Wenn es um Fluchtszenarien im österlichen Kontext geht, dann geht es hier um Flucht, Vertreibung und Migration im übertragenen Sinn. Allerdings erzählt das älteste der vier Evangelien, das des Evangelisten Markus, die Auferstehung Jesu als ein Fluchtereignis. Nachdem der Engel den Frauen am Grab von den Ereignissen der vergangenen Nacht erzählt und ihnen aufgetragen hatte, dies auch den Jüngern mitzuteilen, verließen sie das Grab und flohen, weil Schrecken und Entsetzen sie gepackt hatte. Dieser etwas verstörend wirkende vorläufige Abschluss der Ostergeschichte im Markusevangelium fehlt in der Osternacht, und dies aus gutem Grund, weiß Dr. Gunther Fleischer von der Erzbischöflichen Bibel- und Liturgieschule in Köln. "Das originale Markusevangelium endet damit, dass die Frauen stumm und voller Entsetzen vom Grab weglaufen. Offensichtlich gibt es aber schon sehr früh Überlieferungen des Markusevangeliums, die sagen: So kann doch ein Evangelium nicht aufhören, so kann man nicht von Ostern erzählen." So habe man aus den anderen Evangelien Elemente übernommen und daraus schließlich eine traditionelleren Osterschluss gebastelt, der nun am Ende des Markusevangeliums steht. Doch was Markus zum Ausdruck bringen wollte, das sei die Irritation der Frauen darüber, dass der Tod nicht mehr das Ende sondern die Pforte zum Leben ist, erklärt Fleischer den mutmaßlichen Urtext.

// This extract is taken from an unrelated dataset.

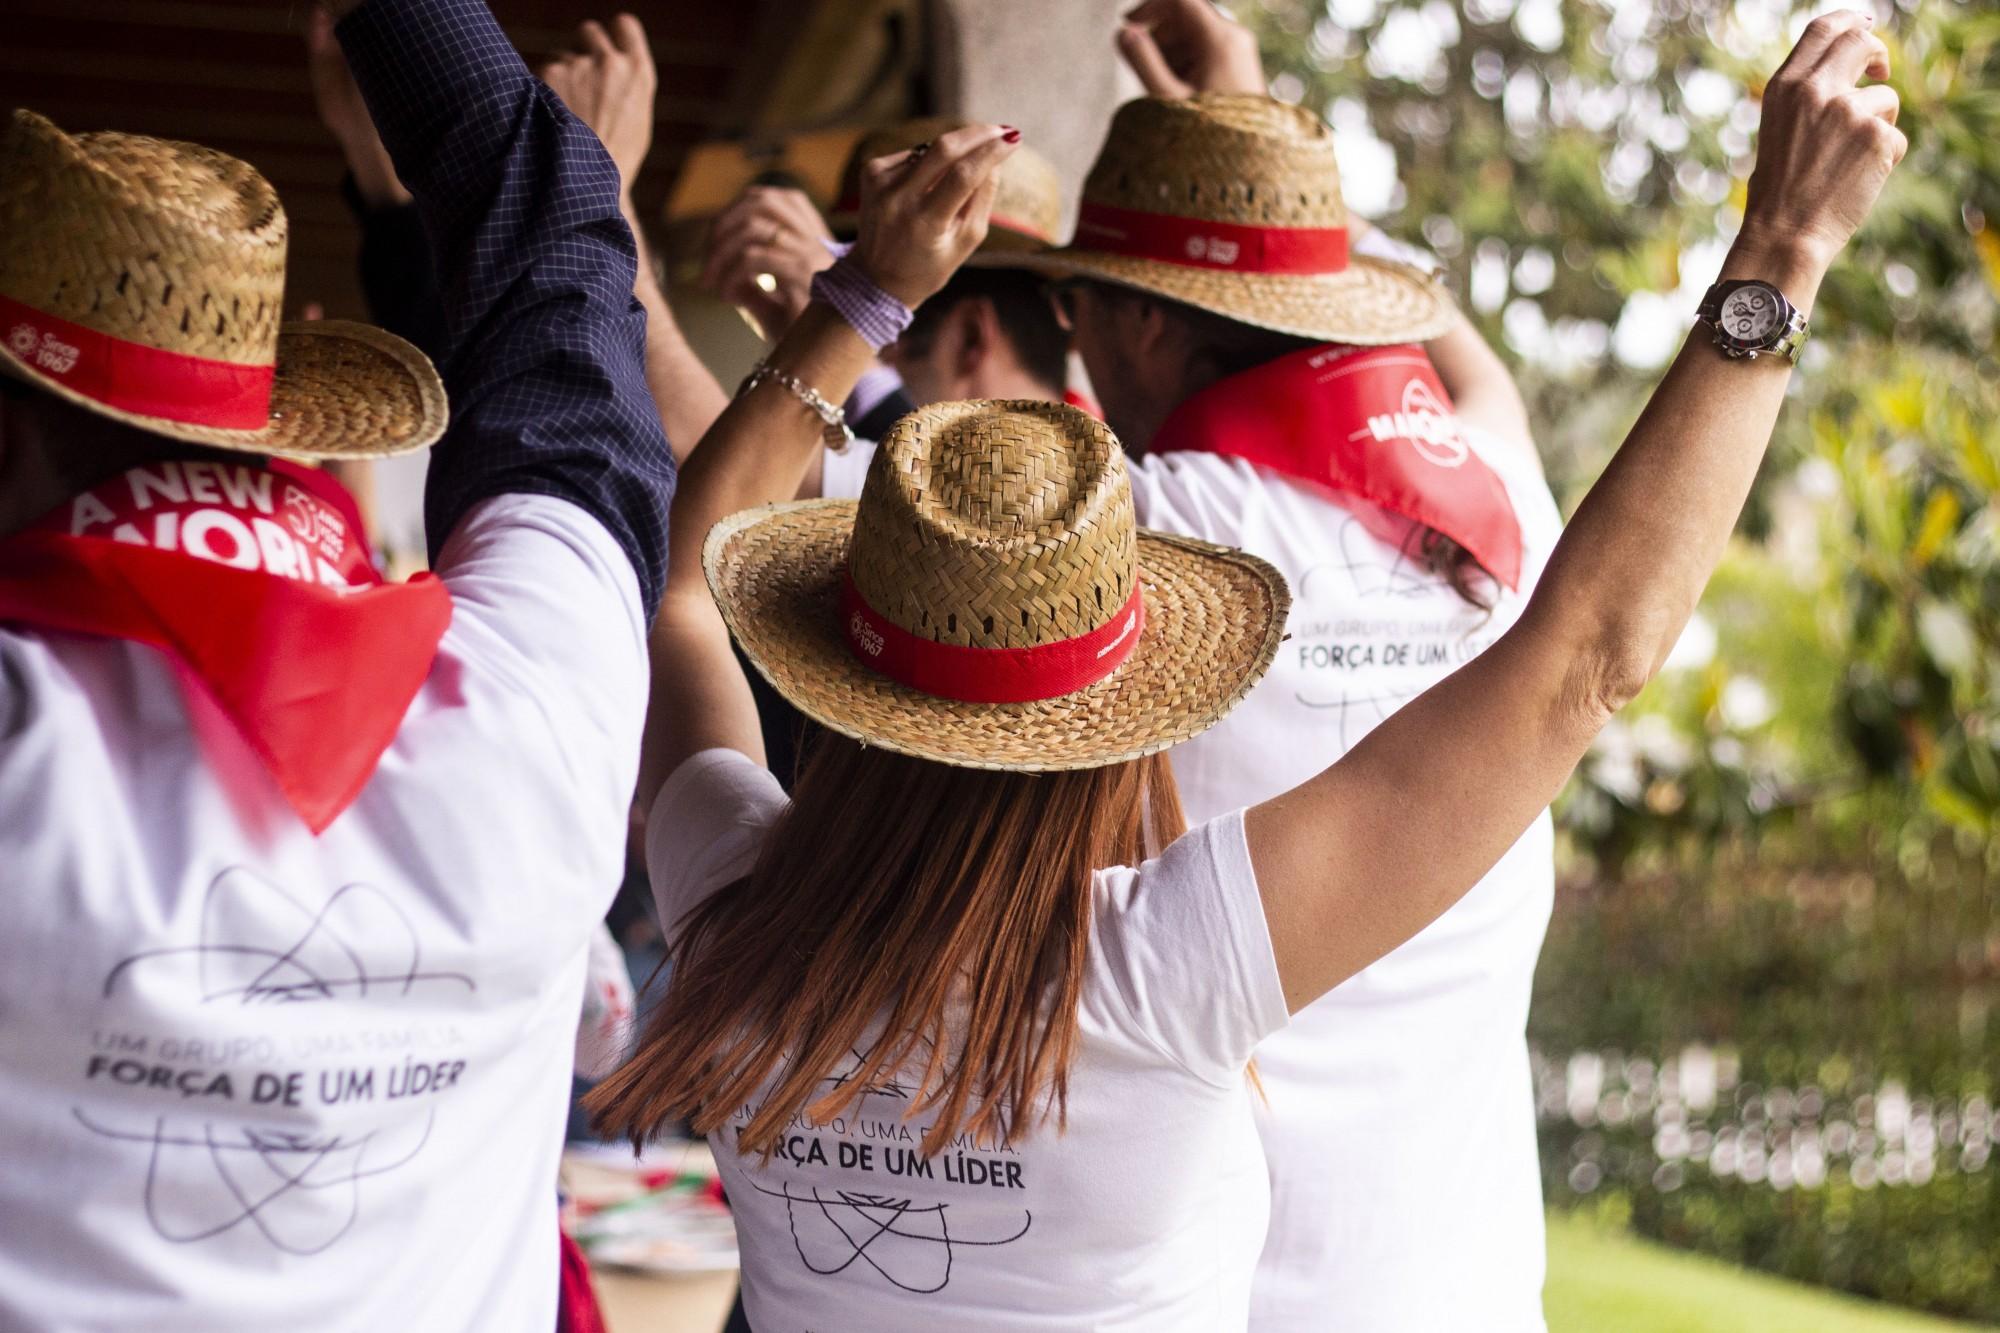 O PORQUÊ DE OS COLABORADORES DA BALANÇAS MARQUES SENTIREM FALTA DA EMPRESA DURANTE AS FÉRIAS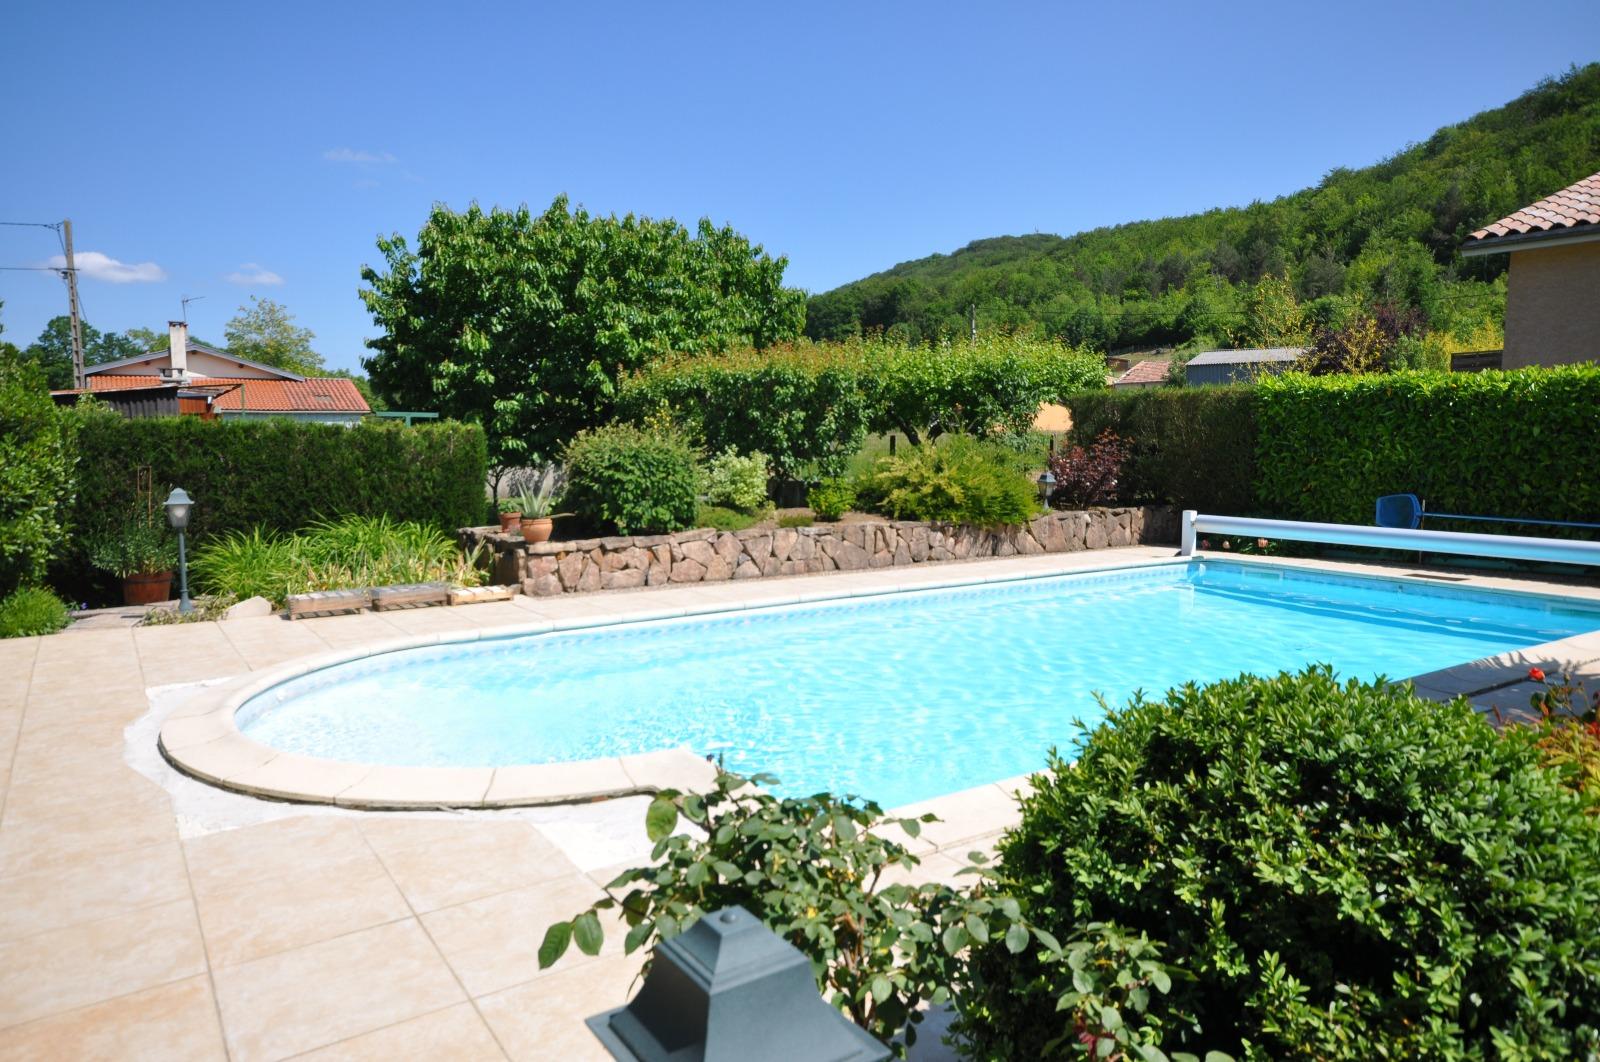 Lavelanet belle maison avec piscine unchezvous - Belle maison avec piscine ...

Als Maler unter den Evangelisten gilt Lukas, der in seinem Doppelwerk (Evangelium und Apostelgeschichte) mit seiner Erzählweise Bilder entwirft. "Dabei spielt der Perspektivwechsel eine ganz wichtige Rolle", lenkt Gunther Fleischer den Blick von der Oster- zur Himmelfahrtserzählung, die bei Lukas in beiden Werken auftaucht. Während in der Weihnachtsgeschichte der Blick vom Römischen Reich und Kaiser Augustus quasi mit der Lupe auf den kleinen Ort Betlehem gelenkt wird, schauen die Jünger nach der Himmelfahrt Christi nach oben in den Himmel, um dann von den Engeln zu hören zu bekommen, dass von dort nichts zu erwarten sei. "Das eigentliche Geschehen spielt hier auf der Erde. Hier müsst ihr euch bewähren, hier gilt es zu handeln. So kann Lukas mit diesem Perspektivwechsel seine Missionsgeschichte, das Wachstum der frühen Kirche, erzählen kann."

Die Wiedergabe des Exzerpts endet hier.